Here are the records. Write out exactly the lines between the one holding "Wandmalerei-Luenen-Giebel-Wohnhaus-Putz-Bild.jpg" and the one holding "Polish Jews stand", inclusive.

☆ ☆ ☆

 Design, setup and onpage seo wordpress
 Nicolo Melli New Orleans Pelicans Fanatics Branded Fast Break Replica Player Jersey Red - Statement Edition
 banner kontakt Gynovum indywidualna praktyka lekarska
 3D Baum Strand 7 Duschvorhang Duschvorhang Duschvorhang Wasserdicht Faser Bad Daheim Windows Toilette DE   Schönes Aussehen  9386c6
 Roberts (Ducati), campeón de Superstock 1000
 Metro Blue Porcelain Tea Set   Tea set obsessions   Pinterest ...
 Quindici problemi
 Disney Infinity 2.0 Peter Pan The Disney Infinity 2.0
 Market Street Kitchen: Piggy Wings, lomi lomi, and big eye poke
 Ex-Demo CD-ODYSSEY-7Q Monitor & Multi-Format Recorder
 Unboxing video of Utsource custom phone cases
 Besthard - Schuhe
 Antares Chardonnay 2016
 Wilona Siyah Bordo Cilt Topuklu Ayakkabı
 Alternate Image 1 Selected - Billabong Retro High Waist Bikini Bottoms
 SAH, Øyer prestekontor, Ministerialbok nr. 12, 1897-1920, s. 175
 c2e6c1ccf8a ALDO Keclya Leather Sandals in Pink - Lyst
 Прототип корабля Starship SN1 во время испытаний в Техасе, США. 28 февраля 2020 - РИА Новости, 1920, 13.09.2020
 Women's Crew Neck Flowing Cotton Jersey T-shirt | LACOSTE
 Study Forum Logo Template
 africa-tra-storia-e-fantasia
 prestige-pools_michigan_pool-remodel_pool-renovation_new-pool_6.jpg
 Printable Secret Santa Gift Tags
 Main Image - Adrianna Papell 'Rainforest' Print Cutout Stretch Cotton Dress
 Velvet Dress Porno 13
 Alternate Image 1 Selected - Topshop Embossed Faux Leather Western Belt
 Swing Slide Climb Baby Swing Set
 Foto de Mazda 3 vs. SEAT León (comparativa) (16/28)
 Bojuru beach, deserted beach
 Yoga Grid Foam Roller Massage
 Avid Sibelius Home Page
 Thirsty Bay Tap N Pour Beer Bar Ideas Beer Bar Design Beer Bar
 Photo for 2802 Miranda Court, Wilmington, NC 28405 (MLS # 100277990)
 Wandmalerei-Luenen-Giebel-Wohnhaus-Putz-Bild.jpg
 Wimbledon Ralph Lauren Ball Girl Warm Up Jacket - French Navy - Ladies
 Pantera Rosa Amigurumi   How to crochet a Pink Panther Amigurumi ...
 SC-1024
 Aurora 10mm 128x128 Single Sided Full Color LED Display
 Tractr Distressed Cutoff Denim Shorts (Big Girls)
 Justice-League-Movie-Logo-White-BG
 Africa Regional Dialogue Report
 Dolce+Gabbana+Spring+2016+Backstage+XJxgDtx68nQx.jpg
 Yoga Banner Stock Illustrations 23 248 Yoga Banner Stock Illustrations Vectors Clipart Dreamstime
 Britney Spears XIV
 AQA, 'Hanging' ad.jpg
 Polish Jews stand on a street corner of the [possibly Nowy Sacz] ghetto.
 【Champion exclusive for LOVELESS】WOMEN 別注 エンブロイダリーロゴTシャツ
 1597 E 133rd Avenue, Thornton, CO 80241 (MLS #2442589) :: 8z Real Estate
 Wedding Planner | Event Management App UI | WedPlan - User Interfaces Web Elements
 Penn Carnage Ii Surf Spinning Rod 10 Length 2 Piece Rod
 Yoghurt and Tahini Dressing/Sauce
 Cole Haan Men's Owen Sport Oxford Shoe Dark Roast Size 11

☆ ☆ ☆

- [SOLUTION TO THIS PROBLEM]:
 Wandmalerei-Luenen-Giebel-Wohnhaus-Putz-Bild.jpg
 Wimbledon Ralph Lauren Ball Girl Warm Up Jacket - French Navy - Ladies
 Pantera Rosa Amigurumi   How to crochet a Pink Panther Amigurumi ...
 SC-1024
 Aurora 10mm 128x128 Single Sided Full Color LED Display
 Tractr Distressed Cutoff Denim Shorts (Big Girls)
 Justice-League-Movie-Logo-White-BG
 Africa Regional Dialogue Report
 Dolce+Gabbana+Spring+2016+Backstage+XJxgDtx68nQx.jpg
 Yoga Banner Stock Illustrations 23 248 Yoga Banner Stock Illustrations Vectors Clipart Dreamstime
 Britney Spears XIV
 AQA, 'Hanging' ad.jpg
 Polish Jews stand on a street corner of the [possibly Nowy Sacz] ghetto.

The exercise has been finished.